PROVIDED DATA —
##########

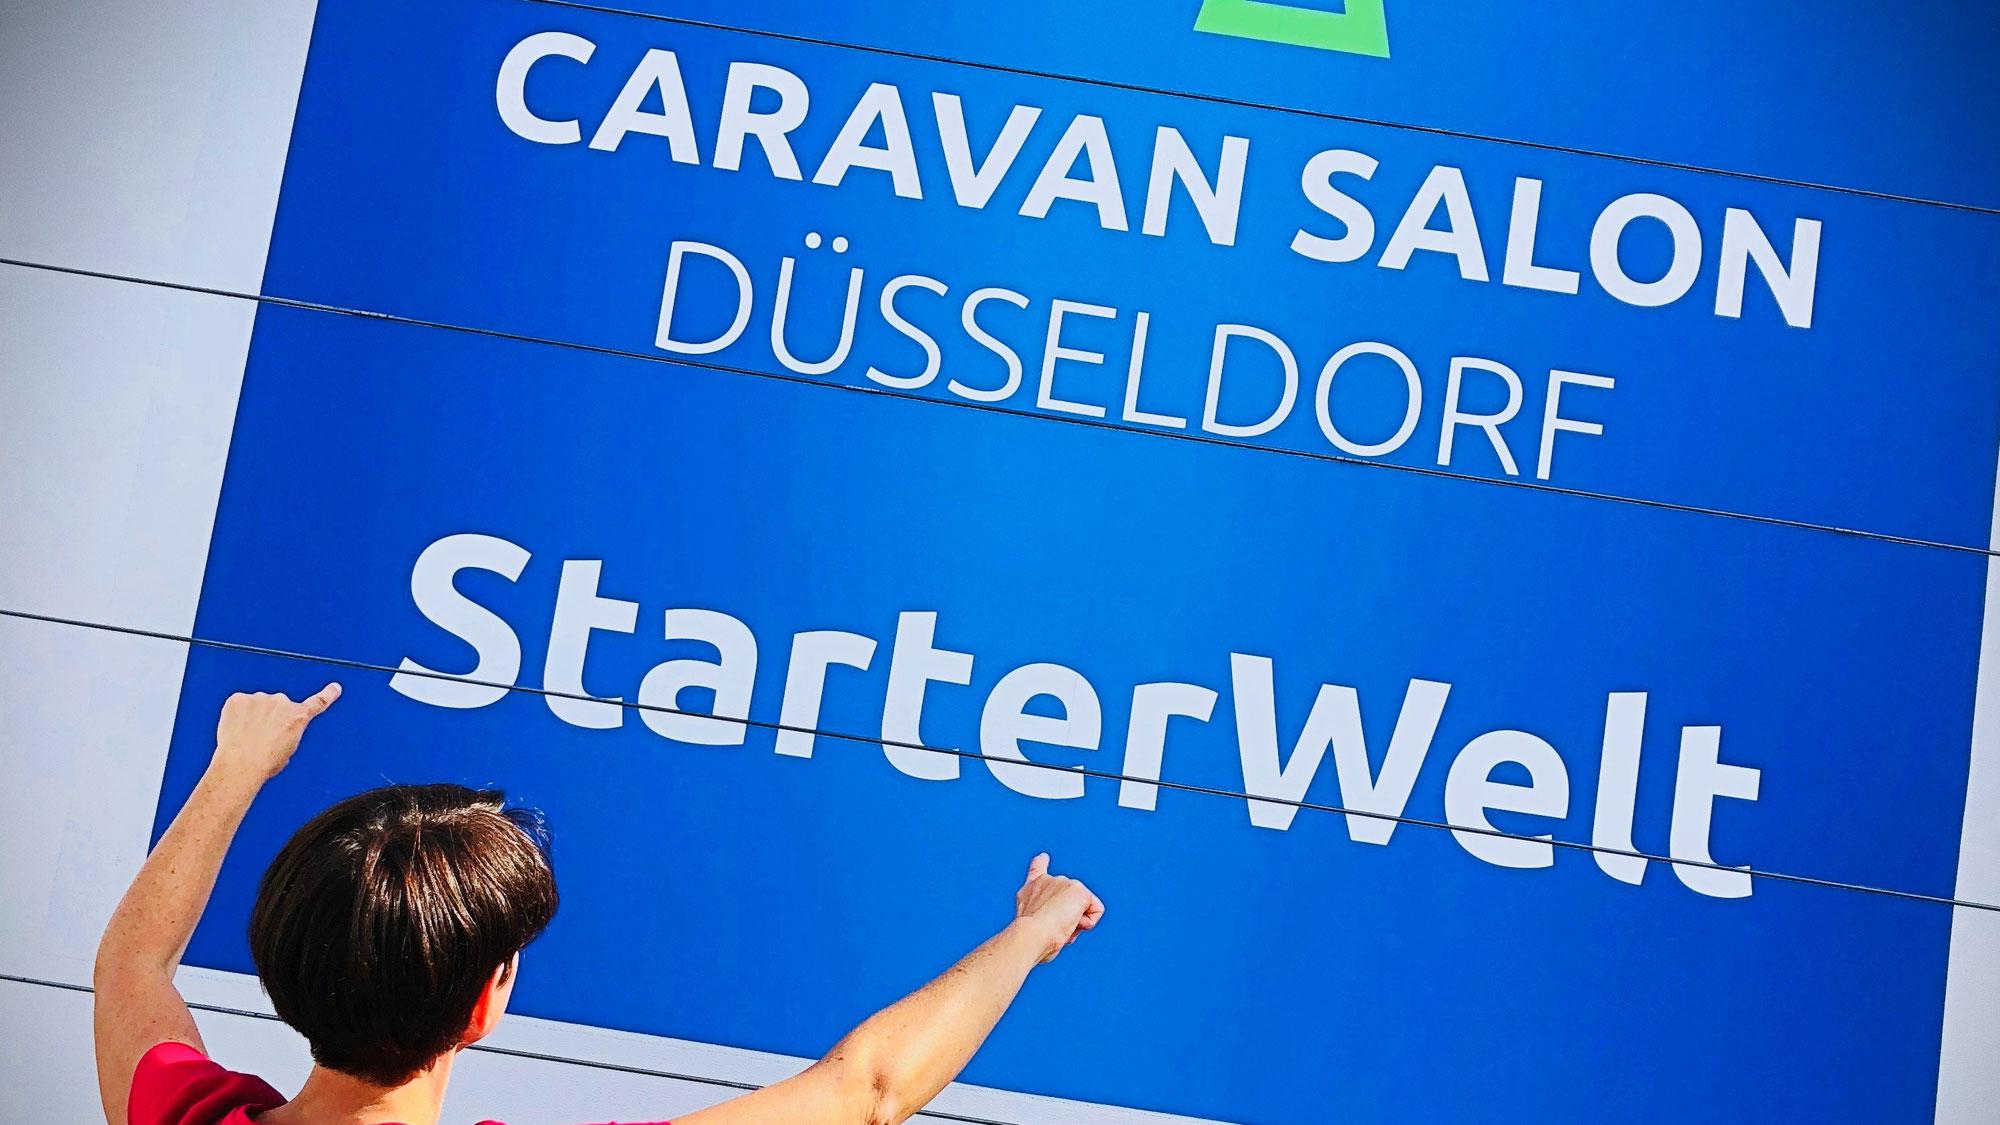 Caravan Salon Düsseldorf 2018 (Teil 1)...
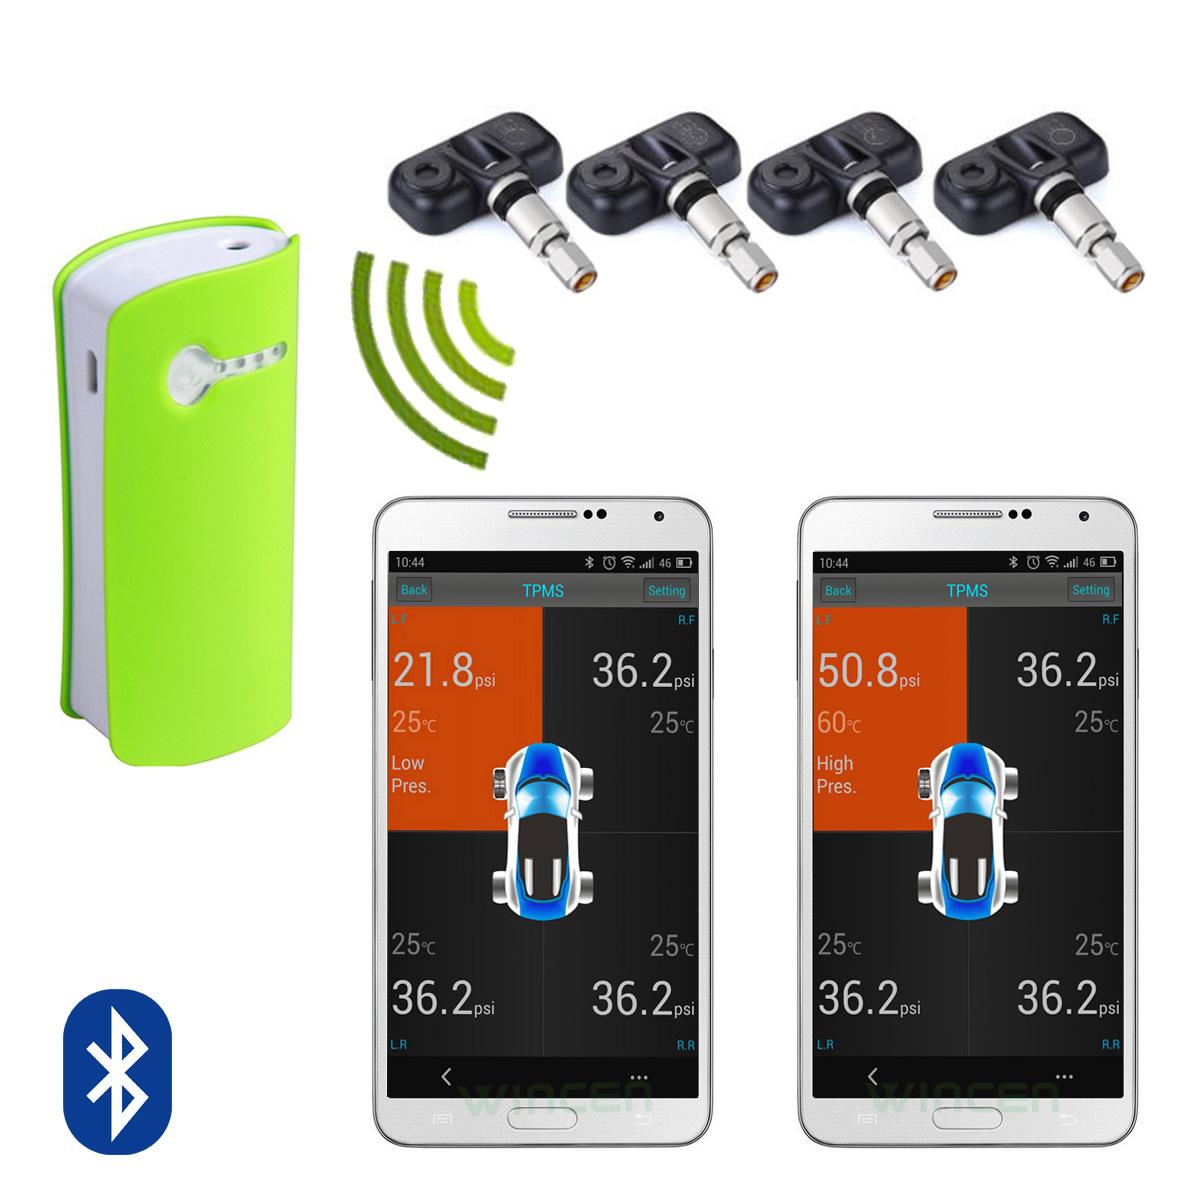 Cảm biến áp suất lốp X6 cho điện thoại IOS và Adroid (bluetooth 4.0)
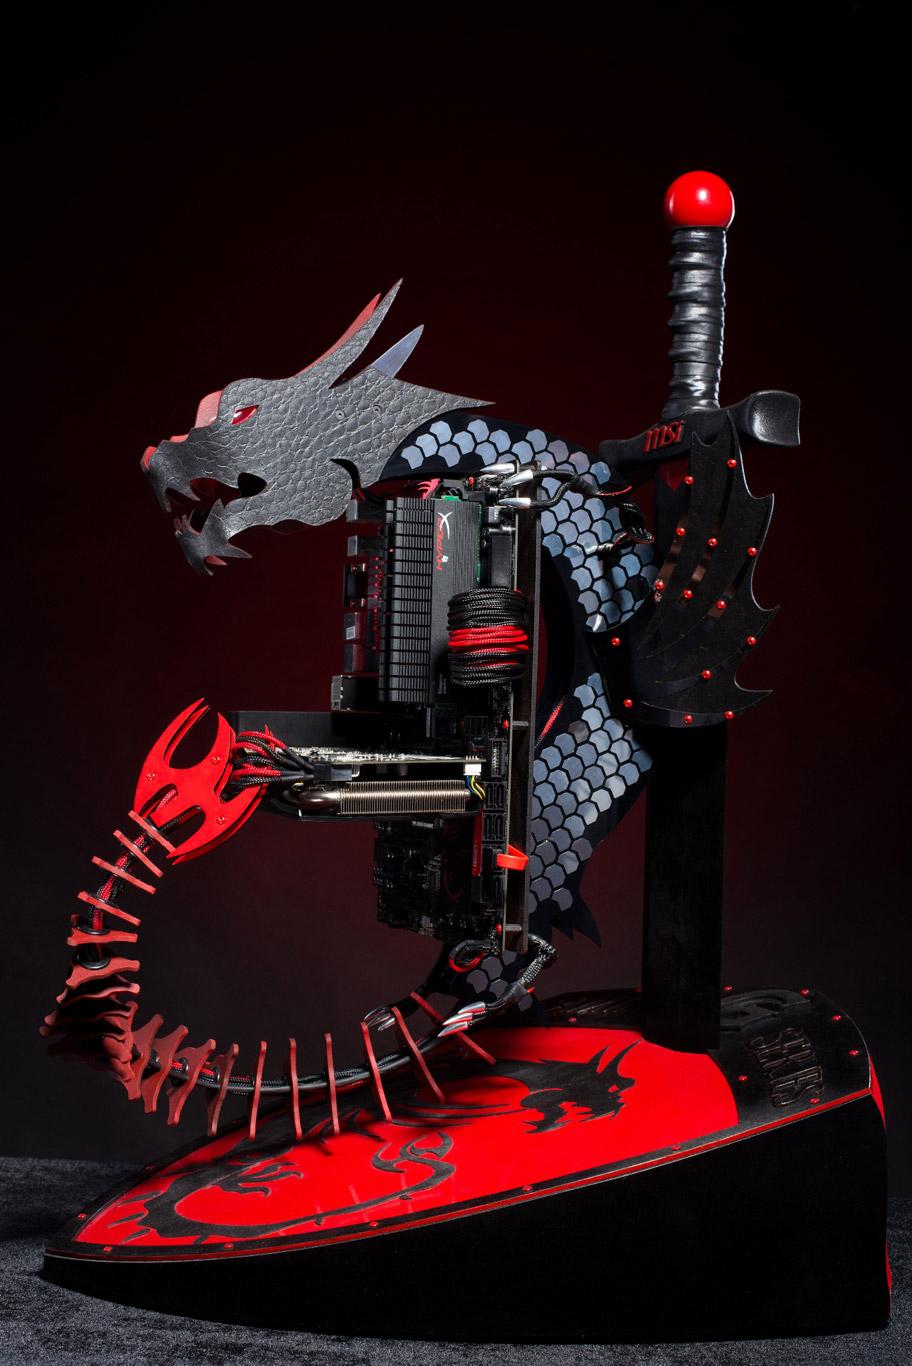 Un mod MSI dragon
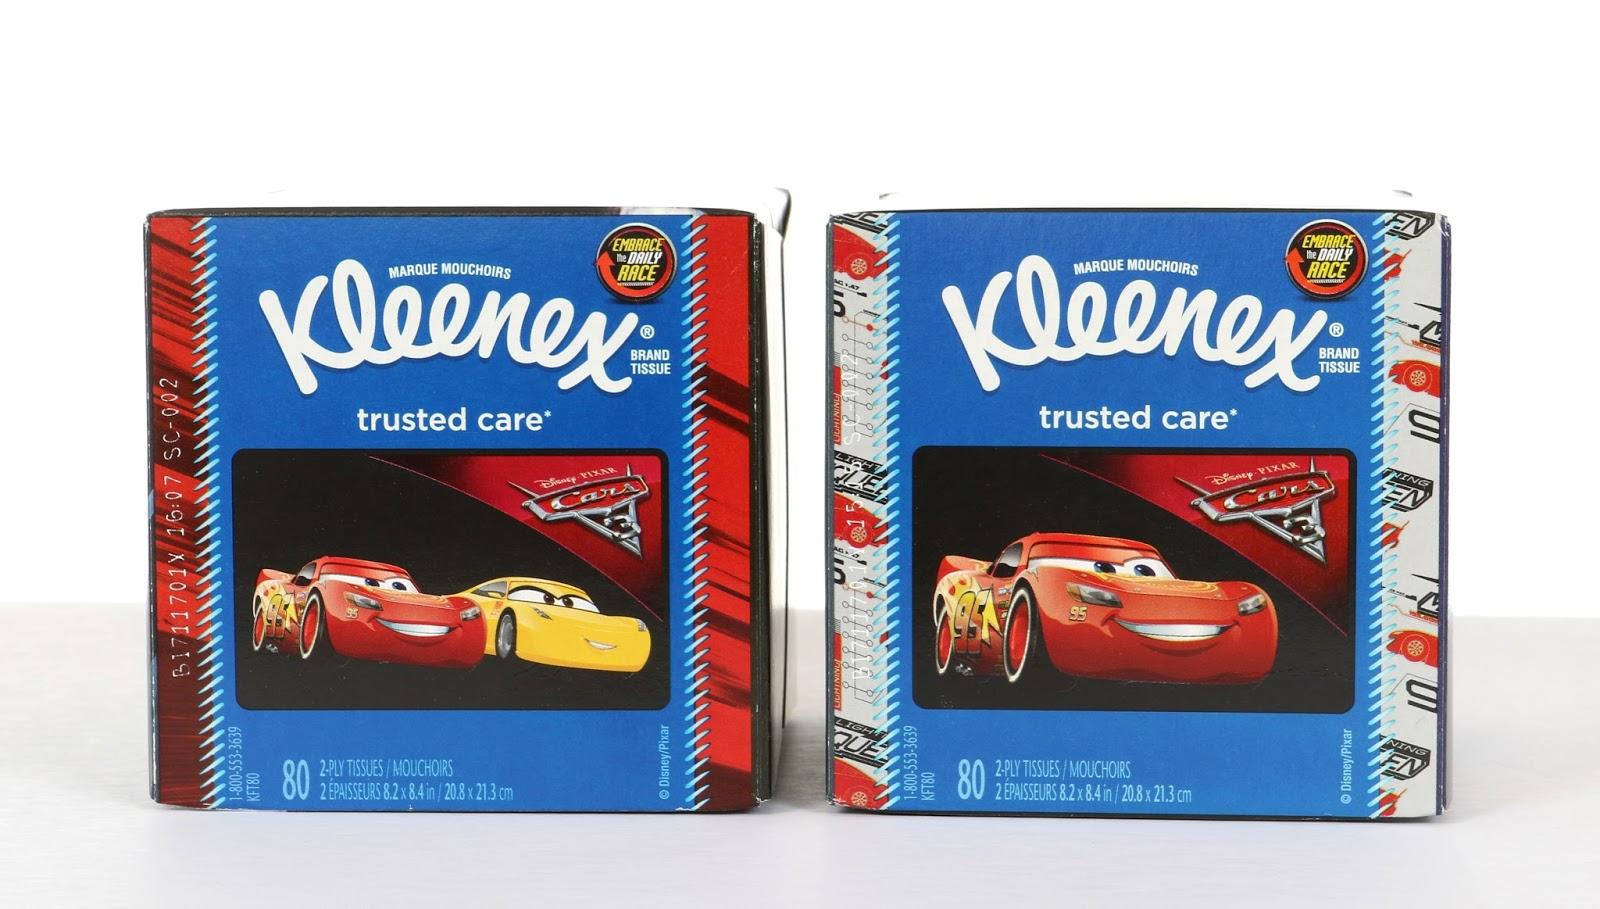 disney pixar cars 3 kleenex tissues

##########

WHAT NEEDS TO BE DONE — When copying the listing, skip the pictures and keep each line exactly as written.

SOLVED PROBLEM —
 Caravan Salon Düsseldorf 2018 (Teil 1)...
 Cảm biến áp suất lốp X6 cho điện thoại IOS và Adroid (bluetooth 4.0)
 Un mod MSI dragon
 disney pixar cars 3 kleenex tissues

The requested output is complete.